Let us be careful how we shoot at others lest we take down the wrong one, remembering the servant of King William Rufus who shot at a deer, but the arrow glanced against a tree and killed the king. Instead of going out with shafts to pierce, and razors to cut, we had better imitate the friend of Richard Coeur de Lion, who, in the war of the Crusades, was captured and imprisoned, but none of his friends knew where. So his loyal friend went around the land from stronghold to stronghold, and sung at each window a snatch of song that Richard Coeur de Lion had taught him in other days. And one day, coming before a jail where he suspected his king might be incarcerated, he sung two lines of song, and immediately King Richard responded from his cell with the other two lines, and so his whereabouts were discovered, and immediately a successful movement was made for his liberation. So let us go up and down the world with the music of kind words and sympathetic hearts, serenading the unfortunate, and trying to get out of trouble men who had noble natures, but, by unforeseen circumstances, have been incarcerated, thus liberating kings. More hymn-book and less razor.
Especially ought we to be apologetic and merciful toward those who, while they have great faults, have also great virtues.

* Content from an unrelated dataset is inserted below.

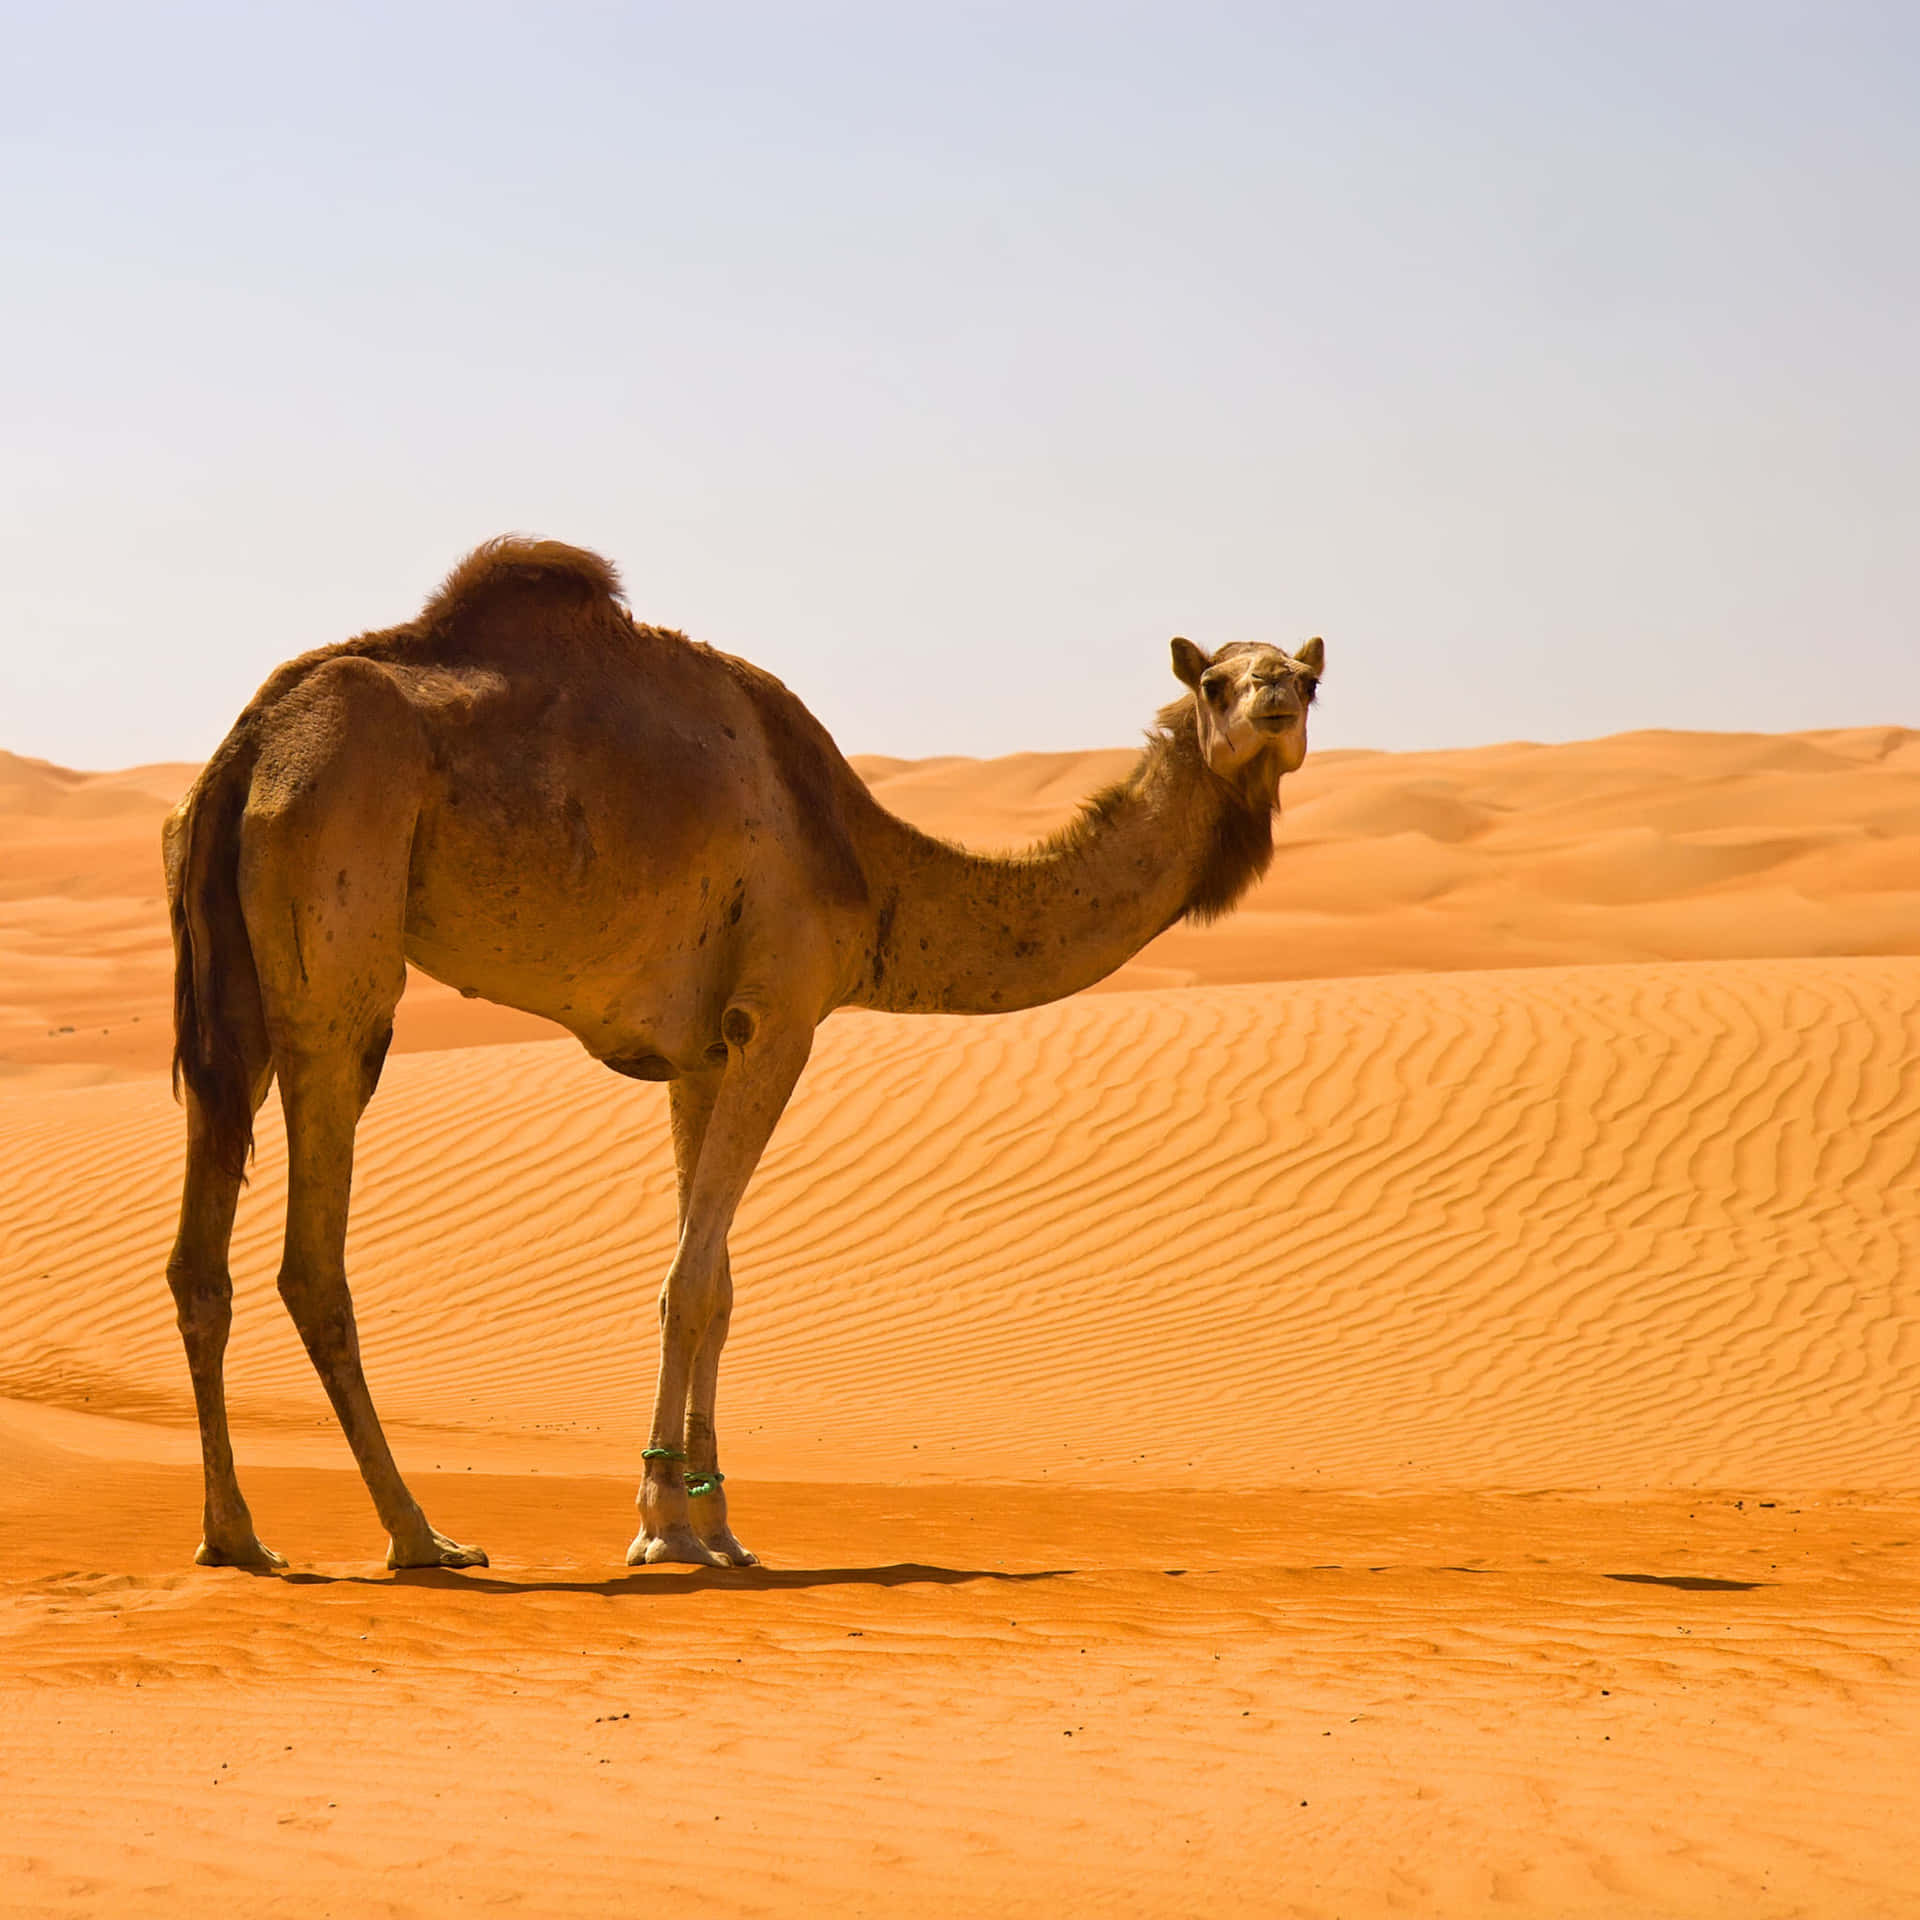 Enjoy the beauty of nature with a camel ride in the desert

Some people are barren of virtues. No weeds verily, but no flowers. I must not be too much enraged at a nettle along the fence if it be in a field containing forty acres of ripe Michigan wheat. At the present time, naturalists tell us, there is on the sun a spot twenty thousand miles long, but from the brightness and warmth I conclude it is a good deal of a sun yet.
Again, when I read in my text that the Lord shaves with the hired razor of Assyria the land of Judea, I bethink myself of the precision of God’s providence. A razor swung the tenth part of an inch out of the right line means either failure or laceration, but God’s dealings never slip, and they do not miss by the thousandth part of an inch the right direction. People talk as though things in this world were at loose ends. Cholera sweeps across Marseilles and Madrid and Palermo, and we watch anxiously. Will the epidemic sweep Europe and America? People say, “That will entirely depend on whether inoculation is a successful experiment; that will depend entirely on quarantine regulations; that will depend on the early or late appearance of frost; that epidemic is pitched into the world, and it goes blundering across the continents, and it is all guess-work and an appalling perhaps.”